The one-time Wollongong journalist George Smith and the site of where he once lived before moving overseas on his way to a career with the UN. Photo: Supplied.
In February 1937, the radio announcer, war correspondent, movie director, diplomat, poet and author named George Ivan Smith AO (1915-1995) was living at 38 Kembla Street Wollongong.
He and his first wife were living in Wollongong because George had a got a job with the Australian Broadcasting Commission and became manager of the Wollongong Radio Station 2WL.
Smith, however, soon found himself collaborating with the actor, writer, director and producer Michael Pate (1920-2008) who went on to have many supporting roles in Hollywood films and American television during the 1950s and 1960s.
But George Ivan Smith was a most unusual young man and able to joke that prior to his arrival in Wollongong in 1937, he had spent all his life “behind prison walls” because his father, G F Smith, was the Governor of Goulburn Gaol.
For the time, his father had remarkably progressive views on prison reform.
Just prior to arriving in Wollongong, the Goulburn Gaol Governor’s son, however, had been a cub newspaper journalist for the Sydney Truth newspaper.
After just two years in Wollongong, Smith landed a job as a founding member of the new overseas short-wave broadcasting service, “Australia Calling” (1939–1941) which was later named Radio Australia.
With that experience George Smith was seconded to the BBC Overseas Service in London in 1941. There he became Director of the Pacific Service and organised overseas coverage of the Second Front during World War II.
At the war’s end Smith joined the J Arthur Rank Organisation, where he worked until 1947 as producer, editor and director on a documentary series of films.
He then joined the United Nations – not bad for someone landing in Kembla Street Wollongong just a decade earlier.
But in 1949 Smith did even better. He was sent to Britain as first director of the London United Nations Information Centre, remaining there until 1958.

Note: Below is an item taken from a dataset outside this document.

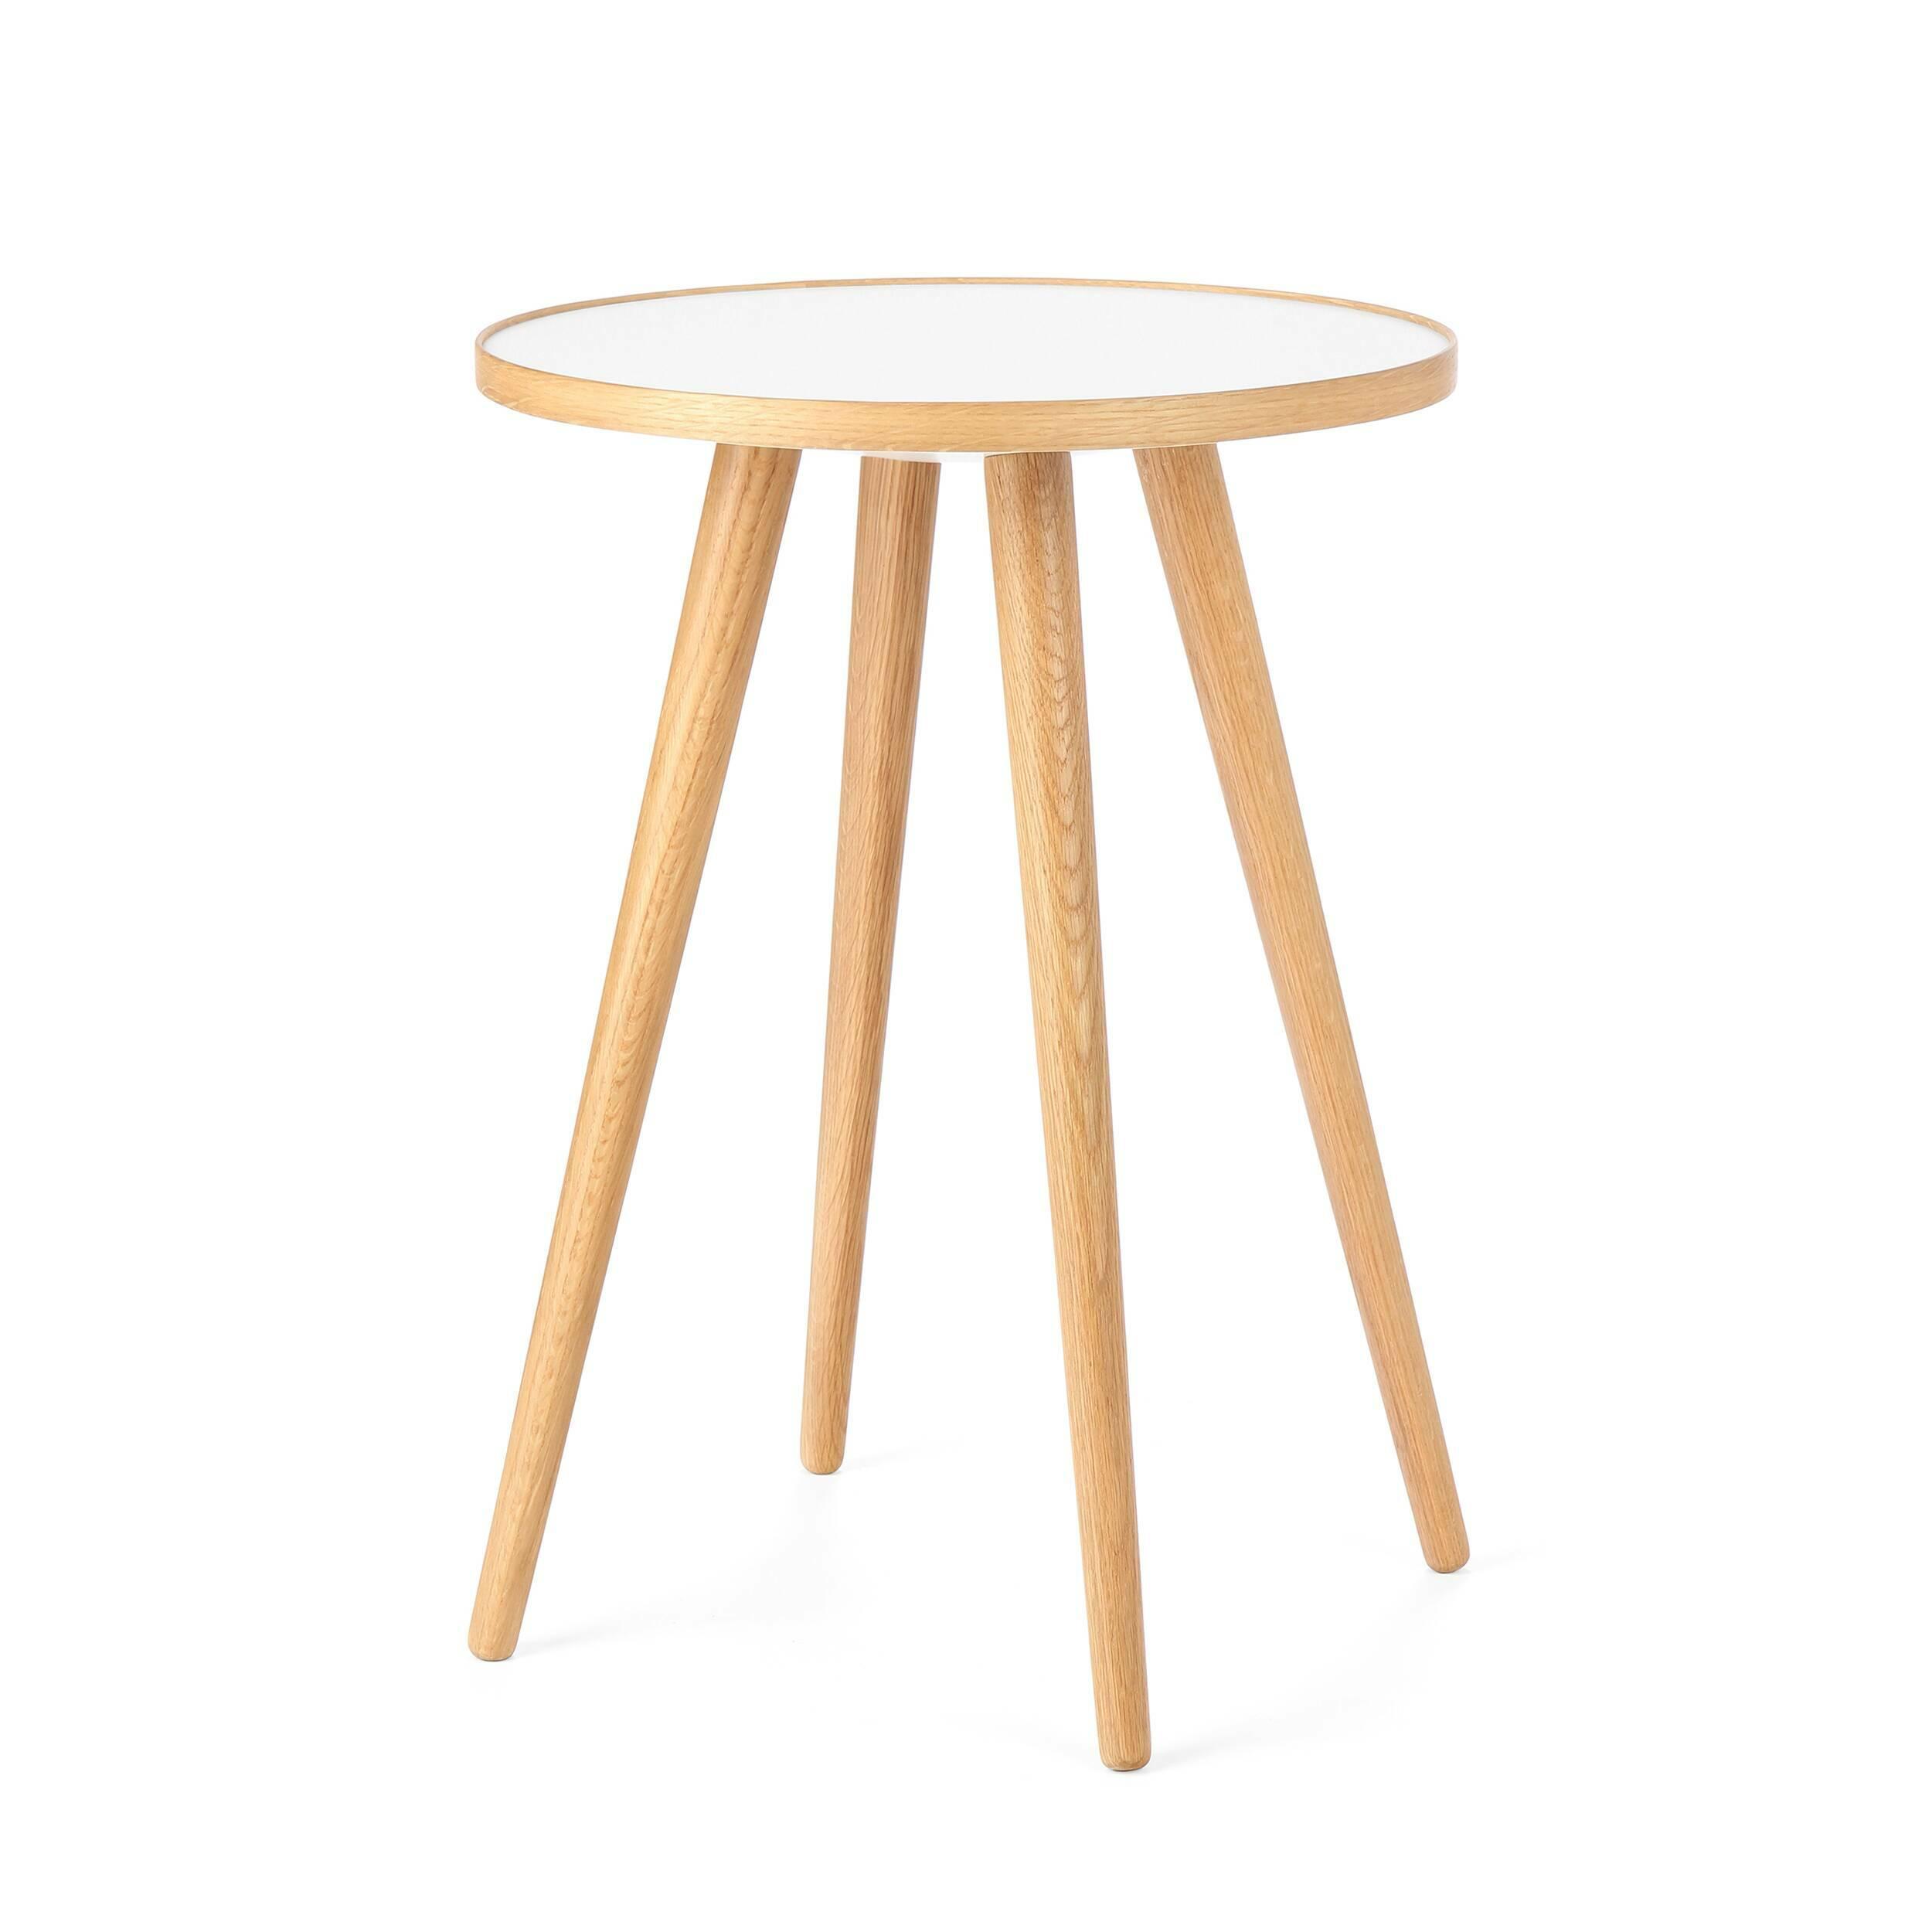 Кофейный стол Sputnik высота 55 диаметр 41Кофейные столики<br>Дизайнерский кофейный стол Sputnik (Спутник) (высота 55 диаметр 41) с пластиковой столешницей на четырех ножках от Cosmo (Космо).<br><br><br> Кофейный стол Sputnik высота 55 диаметр 41 имеет четыре длинные устойчивые ножки и небольшую круглую столешницу. Его разработал американский дизайнер и архитектор мирового уровня Шон Дикс. Столик сделан из качественной древесины американского ореха, что делает его достаточно прочным  и долговечным. Столешница  покрыта меламином, благодаря чему устойчива к н...<br><br>stock: 3<br>Высота: 55<br>Диаметр: 40,6<br>Цвет ножек: Светло-коричневый<br>Цвет столешницы: Белый<br>Материал ножек: Массив дуба<br>Тип материала столешницы: Пластик<br>Тип материала ножек: Дерево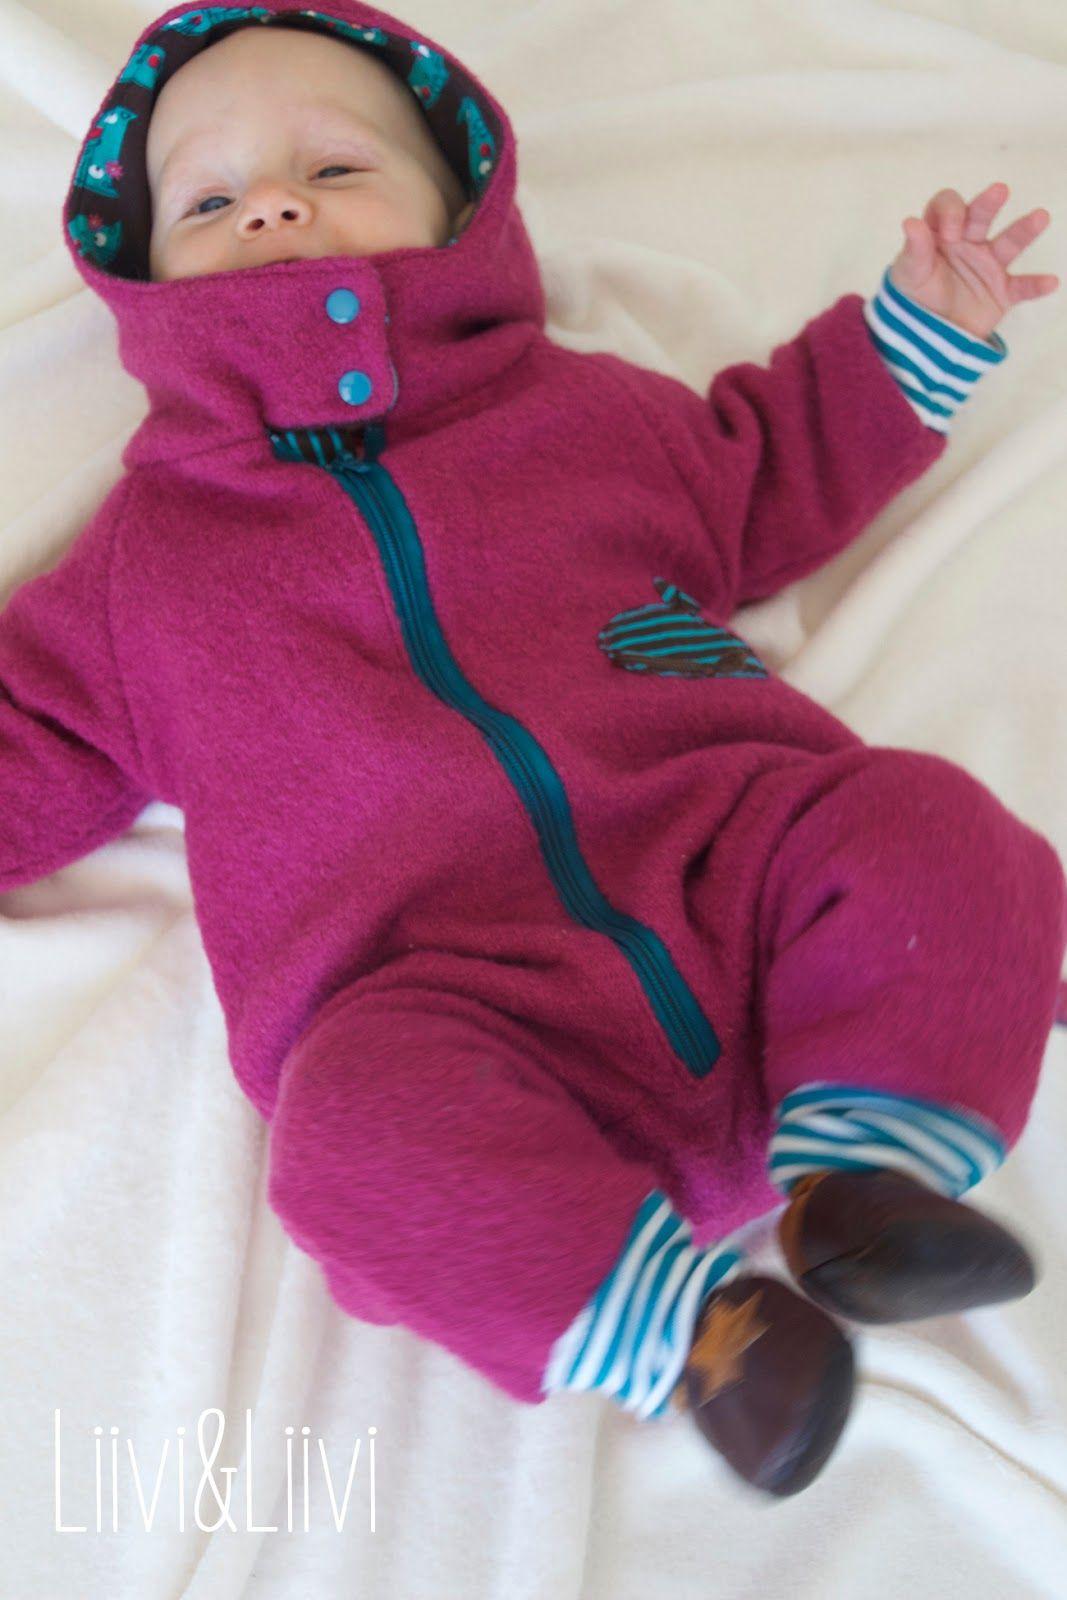 Rund ums Baby - Wagen- und Trageanzug | Baby anzug nähen ...

During that time he was closely associated with UN Secretary-General Trygve Lie in developing the 1949 Armistice Agreements that supposedly were meant to end the never-ending 1948 Arab–Israeli War.
Now far from living a quiet life managing in Wollongong, Smith was soon embroiled in some very bloody international operations.
The Republic of Katanga was a breakaway state that proclaimed its independence from Congo in July 1960. Alarmingly, this had been made possible with the support of a mining company with concession rights in the region and was also supported by a large contingent of Belgian military advisers with long-term commercial interests.
Tragically, the Katanga Rebellion seems to have been conceived in direct opposition to Patrice Lumumba’s newly independent Democratic Republic of the Congo. And in less than three months Lumumba was kidnapped and murdered inside the breakaway state.
This took place despite the fact that Lumumba had sent a telegram to the UN Secretary-General insisting that something be done about “Belgium’s military aggression” and its overt backing of Katangese secession.
What had likely also assured Lumumba’s assassination was that with the UN doing nothing, he sent a telegram to Soviet Premier Nikita Khrushchev, requesting Khrushchev closely monitor the situation in the Congo.
Today it is generally agreed that while the US and Belgium actively plotted to murder Patrice Lumumba, the British also secretly wanted to get rid of him because they too believed Lumumba posed a threat to their own mining interests in the Congo.
So it was not a pleasant time for a former humble Wollongong radio station manager to be involved with two of the United Nations’ great failures – the Arab-Israeli conflict and the Congolese struggle for independence.
Indeed, in 1961, after being appointed the United Nations Representative in Katanga by UN Secretary General Dag Hammarskjöld, Smith and a colleague were themselves kidnapped and beaten by Katangese paratroopers – yet survived through the intervention of an American diplomat.
Nonetheless, it all rocketed Smith towards the upper echelons of the UN and he was later appointed the Personal Representative of the Secretary General U Thant in East and Central Africa.
Moreover, in 1964 Smith was given the honour of delivering the Boyer Lecture for the Australian Broadcasting Commission titled “Along the Edge of Peace”.
By 1966 he became a visiting professor at Princeton University before ending his career as Director of the United Nations Office in London from 1968 to 1974.
Smith then retired to Stroud in Gloucestershire – a very long way from the prison walls of Goulburn Gaol and the fledgling offices of radio station 2WL in Wollongong’s Kembla Street.